The manager’s reply was, “yeah, sure, how about the book room upstairs?”. My quick reply was “yep that’s good enough, thanks!”
Then, as I turned away, he said, “you can go to the mosque on Fridays with John Harvey, too!”
(John was a revert). That moment reinforced something I always remembered from the hadith of the beloved, “whoever leaves something for the sake of Allah, Allah will recompense him with that which is better.” More or less.
Controller of the hearts! Subhanak ya Kareem.
After a year or so in this job, no Friday prayers were missed thanks to Allah. However one Friday, I was paid a visit from right at the “top” – Iblis himself (may Allah protect us from him). He came just before the time for me to leave for Zuhr.

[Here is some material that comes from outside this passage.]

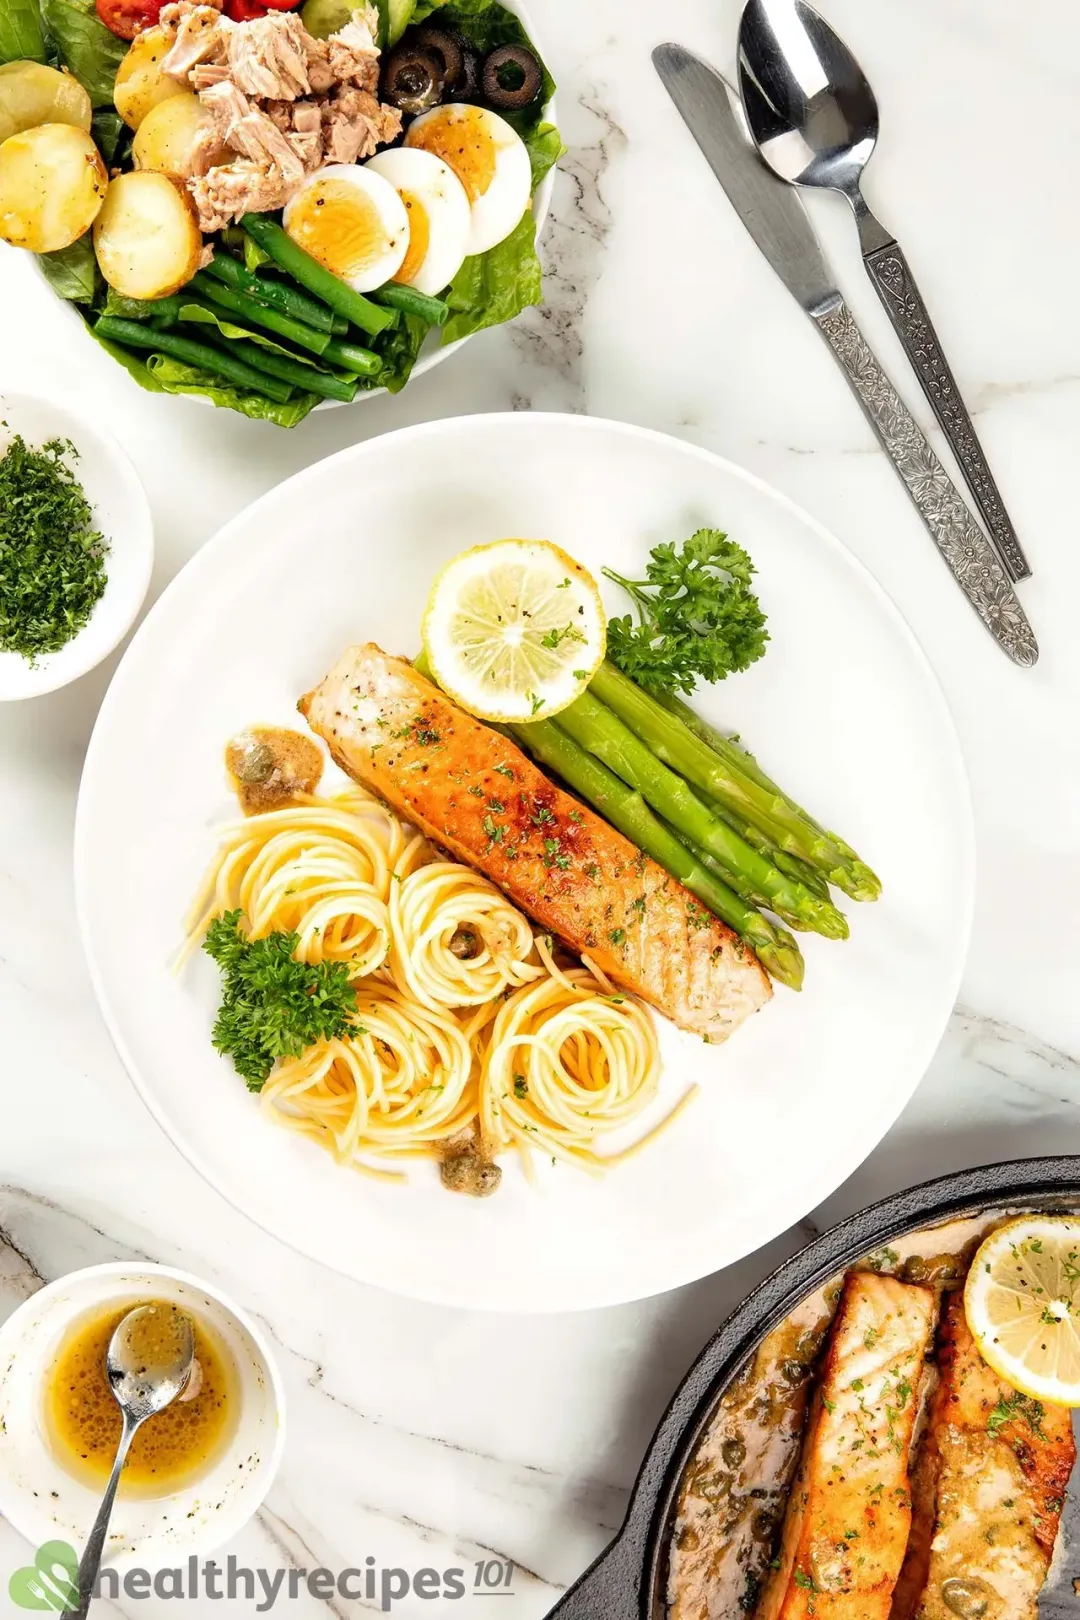 A plate of seared salmon served with cooked pasta and asparagus and topped with a lemon slice and parsley; the surroundings are a smaller plate of salad, a knife, a spoon, two small bowls of sauce and parsley, and two salmon filets in a skillet.

He whispered, “Look at all that work have to do, there is no way you can complete this considering your deadlines. Impossible. It is better for you to work through your break, no need for salat alzuhr, Allah understands, it’s ok….” He wouldn’t stop nagging.
These thoughts wouldn’t leave me. The work I needed to complete, Allah is my witness, appeared as though would take over 6 hours to complete. I needed it finished in much less time, so skipping this one Friday was “logical”. But all Praise to the one Who’s Order is between the kaaf and the nuun, I went to the mosque instead.
Then I came back, and Allah is my witness that within about 20 minutes I had completed EVERYTHING, with His permission, and then sat there with nothing left to do twiddling my thumbs, smiling to Allah, wondering where all that work went.
He’s got everything under control so trust Him.
Excellent piece, alhumdulilah, and love the 2 comments by brother Youssef too. Very inspiring stuff.